DDD MMM dd yyyy hh:mm:ss TimeZoneString

For instance:

Sun Dec 15 2019 12:29:35 GMT+0000 (Coordinated Universal Time)

We apply the following regular expression to this string:

/c ([01].|2[0-5])|:/

It attempts to match a day of December less than \$26\$ (it's the only month whose 3-letter abbreviation ends in "c"). If not found, we force the first : separator to be matched instead, in order to prevent match() from returning null.

Therefore, the variable \$t\$ (for 'today') is set to either a valid day of December, or undefined if we're outside the relevant period:

t = (new Date + 0).match(/c ([01].|2[0-5])|:/)[1]

\$f\$ is a recursive function that generates a random day \$d\$ in \$[1-25]\$ at each iteration and draws the corresponding slot in the calendar.

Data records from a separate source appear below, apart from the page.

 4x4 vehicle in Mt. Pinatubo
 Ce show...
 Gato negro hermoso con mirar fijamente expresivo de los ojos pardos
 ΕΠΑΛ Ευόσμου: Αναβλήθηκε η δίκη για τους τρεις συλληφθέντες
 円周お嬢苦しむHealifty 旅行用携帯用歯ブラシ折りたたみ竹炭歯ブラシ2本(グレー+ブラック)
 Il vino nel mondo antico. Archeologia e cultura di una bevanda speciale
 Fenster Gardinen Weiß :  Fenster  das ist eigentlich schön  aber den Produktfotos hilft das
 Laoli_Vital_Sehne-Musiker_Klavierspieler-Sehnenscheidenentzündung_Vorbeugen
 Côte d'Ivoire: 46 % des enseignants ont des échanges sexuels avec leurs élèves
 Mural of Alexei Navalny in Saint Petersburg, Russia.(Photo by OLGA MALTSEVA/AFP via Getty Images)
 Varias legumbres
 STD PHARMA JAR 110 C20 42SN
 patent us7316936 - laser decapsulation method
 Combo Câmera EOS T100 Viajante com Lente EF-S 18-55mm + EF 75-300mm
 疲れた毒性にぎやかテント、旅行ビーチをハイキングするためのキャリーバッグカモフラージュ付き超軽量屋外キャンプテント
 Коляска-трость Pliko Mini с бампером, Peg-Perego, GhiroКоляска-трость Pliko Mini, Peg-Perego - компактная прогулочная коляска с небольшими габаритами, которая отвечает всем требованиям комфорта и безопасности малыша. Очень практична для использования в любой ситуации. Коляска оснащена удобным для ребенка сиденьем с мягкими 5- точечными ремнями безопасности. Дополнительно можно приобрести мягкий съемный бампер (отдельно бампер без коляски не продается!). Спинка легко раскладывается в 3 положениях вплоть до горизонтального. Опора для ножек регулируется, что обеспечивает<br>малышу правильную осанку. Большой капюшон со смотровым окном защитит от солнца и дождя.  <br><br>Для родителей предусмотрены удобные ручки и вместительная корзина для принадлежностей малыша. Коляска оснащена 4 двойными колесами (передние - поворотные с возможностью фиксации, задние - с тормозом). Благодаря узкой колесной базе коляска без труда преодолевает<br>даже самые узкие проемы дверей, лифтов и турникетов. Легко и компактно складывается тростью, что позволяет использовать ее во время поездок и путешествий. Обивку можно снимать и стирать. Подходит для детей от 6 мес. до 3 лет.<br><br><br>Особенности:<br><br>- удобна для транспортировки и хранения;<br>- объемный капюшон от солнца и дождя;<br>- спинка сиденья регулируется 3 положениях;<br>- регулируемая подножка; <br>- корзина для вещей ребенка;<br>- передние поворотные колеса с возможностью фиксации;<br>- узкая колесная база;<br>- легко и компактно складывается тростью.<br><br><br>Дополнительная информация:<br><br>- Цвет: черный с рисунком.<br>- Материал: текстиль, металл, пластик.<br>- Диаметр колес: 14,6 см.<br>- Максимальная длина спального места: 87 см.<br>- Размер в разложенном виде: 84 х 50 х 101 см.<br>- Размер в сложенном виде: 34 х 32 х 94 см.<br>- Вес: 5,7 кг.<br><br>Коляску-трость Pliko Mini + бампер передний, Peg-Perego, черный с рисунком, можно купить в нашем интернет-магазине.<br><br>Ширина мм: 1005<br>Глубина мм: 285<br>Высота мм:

It keeps track of drawn days in the bitmask \$m\$.

f = (                     // f is a recursive function taking:
  k = 25,                 //   k = remaining number of days to draw
  m,                      //   m = bitmask of drawn days
  d = Math.random() * 25  //   d = random day in [1-25]
      + 1 | 0,            //
  t = ...                 //   t = current day or undefined (see above)
) =>                      //
  k ?                     // if k is not equal to 0:
    ( m ^ (m |= 1 << d) ? //   if m is modified by setting the d-th bit:
        ( d ^ t ?         //     if d is not equal to t:
            d < t ?       //       if t is defined and d is less than t:
              '[ ]'       //         draw an opened window
            :             //       else:
              d           //         draw a closed window
          :               //     else:
            '[@]'         //       draw today's gift
        ) +               //
        `\n `             //     decrement k; append a linefeed at the end of a row
        [--k % 5 && 1]    //     or a space otherwise
      :                   //   else:
        ''                //     we need to pick another day: leave k unchanged and
                          //     append nothing
    ) + f(k, m)           //   append the result of a recursive call
  :                       // else:
    ''                    //   done: stop recursion

Perl 6, 91 bytes

-1 bytes thanks to nwellnhof

.put for (("[@]"if Date.today~~/12.(0?@(^26))$/),"[ ]"xx+$0,+$0^..25)[*;*].pick(*).rotor(5)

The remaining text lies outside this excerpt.